Linux-next parallel cp workload hang

From: Xiong Zhou
Date: Tue May 17 2016 - 21:46:24 EST


Hi,

Parallel cp workload (xfstests generic/273) hangs like blow.
It's reproducible with a small chance, less the 1/100 i think.

Have hit this in linux-next 20160504 0506 0510 trees, testing on
xfs with loop or block device. Ext4 survived several rounds
of testing.

Linux next 20160510 tree hangs within 500 rounds testing several
times. The same tree with vfs parallel lookup patchset reverted
survived 900 rounds testing.
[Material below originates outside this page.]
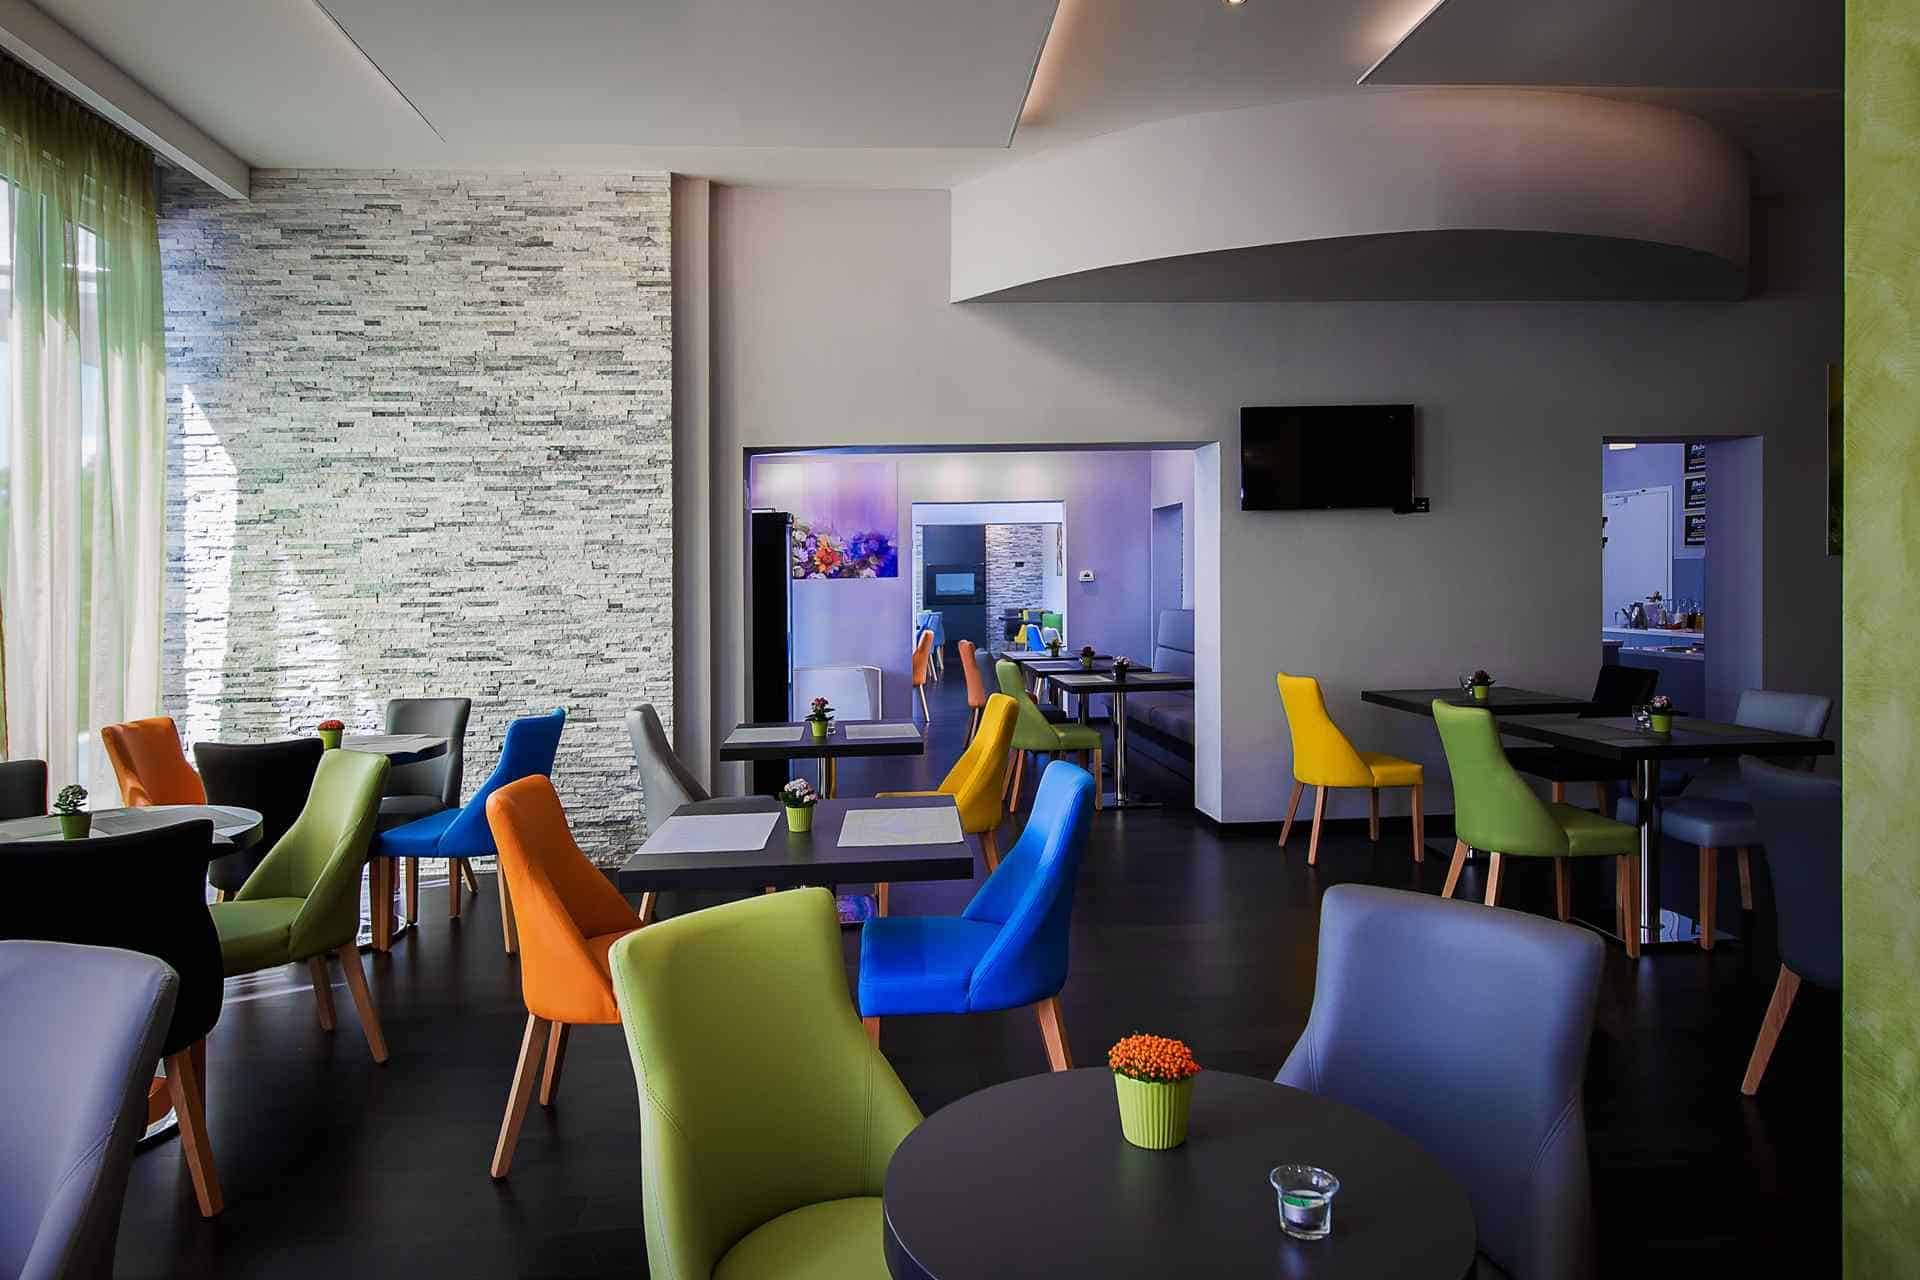 Restoran Villa Magdalena, Krapinske Toplice

Reverted commits are attached.

Bisecting in this patchset ided this commit:

3b0a3c1ac1598722fc289da19219d14f2a37b31f is the first bad commit
commit 3b0a3c1ac1598722fc289da19219d14f2a37b31f
Author: Al Viro <viro@xxxxxxxxxxxxxxxxxx>
Date: Wed Apr 20 23:42:46 2016 -0400

simple local filesystems: switch to ->iterate_shared()

no changes needed (XFS isn't simple, but it has the same parallelism
in the interesting parts exercised from CXFS).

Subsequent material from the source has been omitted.